There is a profound novelty effect when researchers combine existing data/knowledge into something new. Ideas from disparate, previously unrelated fields of research can lead to completely novel discoveries with untold potential applications. Translational or applied research (particularly in the biomedical sciences) has borne abundant fruit over the last many decades. Translational applications of chemistry and physics to medicine have seen enormous advances in the diagnosis and treatment of numerous diseases.

f. Incremental additions to the literature

Not all research or publications will report on truly novel discoveries; in fact, very few will. But that doesn’t necessarily diminish the novelty effect of your work. The vast majority of published research adds incrementally to what is already known, nudging scientific knowledge forward. The accumulation of incremental discovery leads, over time, to large gains in understanding and knowledge.

How to ensure and verify the novelty effect

Whether your research reports something completely new or furthers an existing field in a new way, you need to make sure the contribution is indeed new.

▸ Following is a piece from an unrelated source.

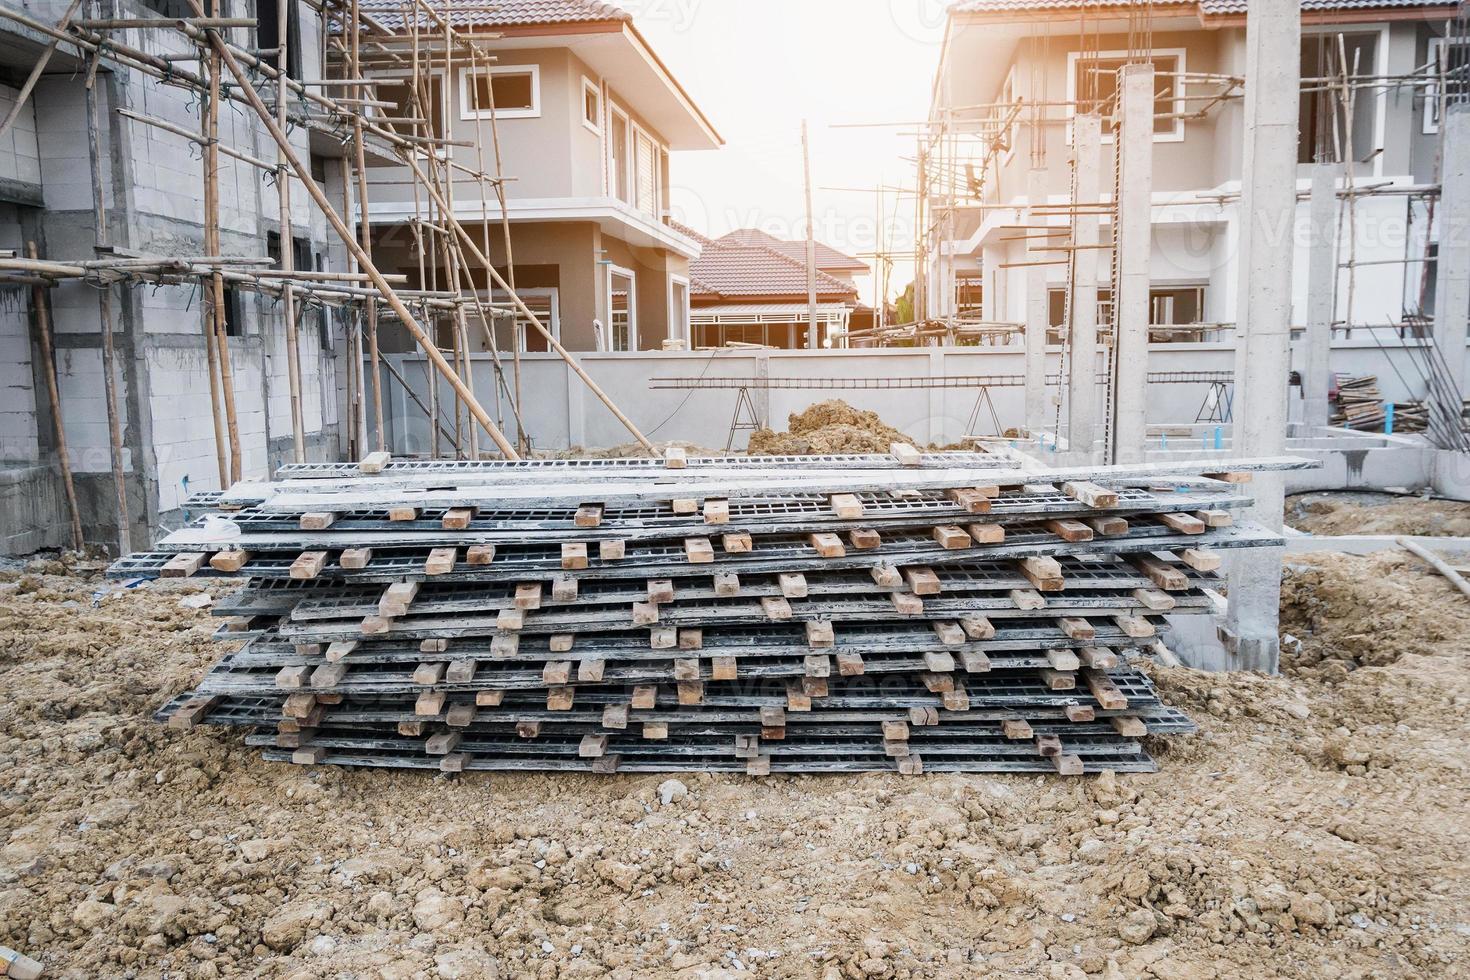 installation de cadres de coffrage en ciment pour la construction de nouvelles maisons sur le chantier, développement immobilier photo
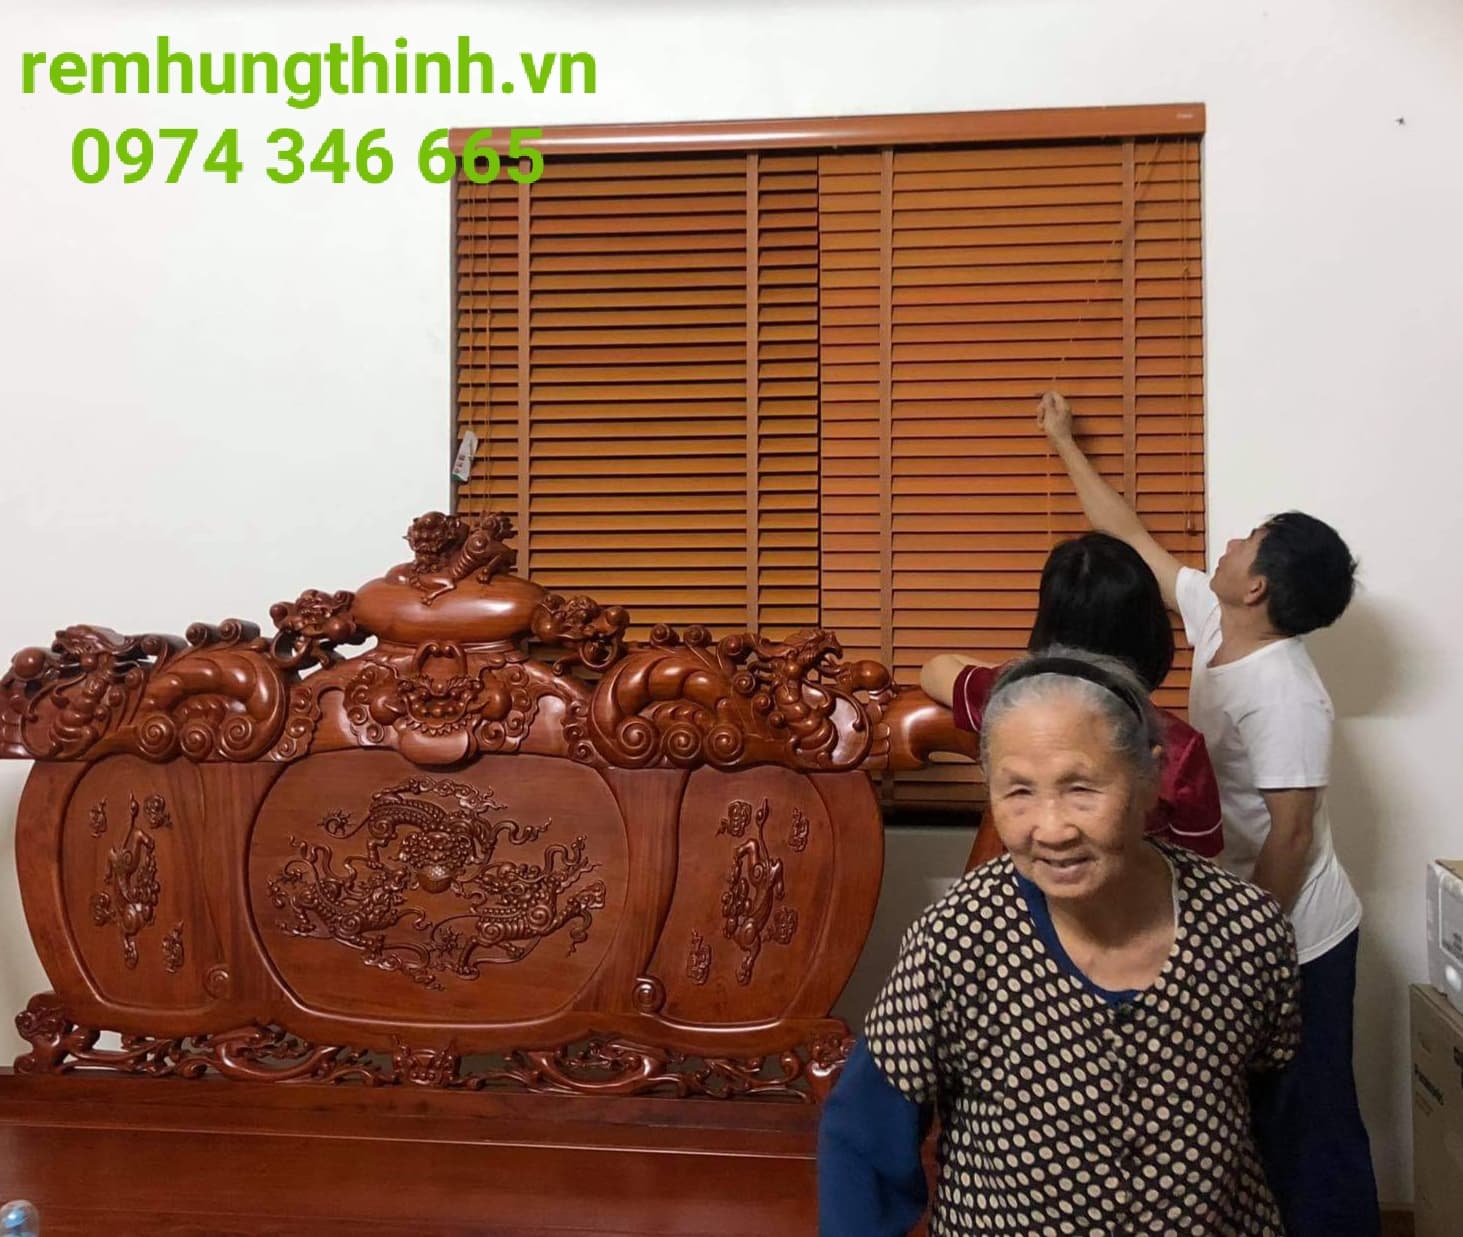 Rèm sáo gỗ được làm từ gỗ tự nhiên tại phường Mai Dịch quận Cầu Giấy

  • Do your homework: Pore through the literature (in as many languages as possible) to make sure your idea is indeed new, or significantly different enough to be considered new.
  • To the degree possible, provide the ‘idea genealogy’ for your concept: Reference the major sources of those who have come before you. Through references and by describing your thought processes, describe clearly how you came up with the new idea or combination of ideas.
  • Disclose your sources of inspiration and new application: Doing so constitutes academic honesty, gives credit to those upon whose shoulders your research rests and provides intellectual fertiliser for other scientists who may, in turn, be able to build upon your own ideas.

All the best for your (novel) submission!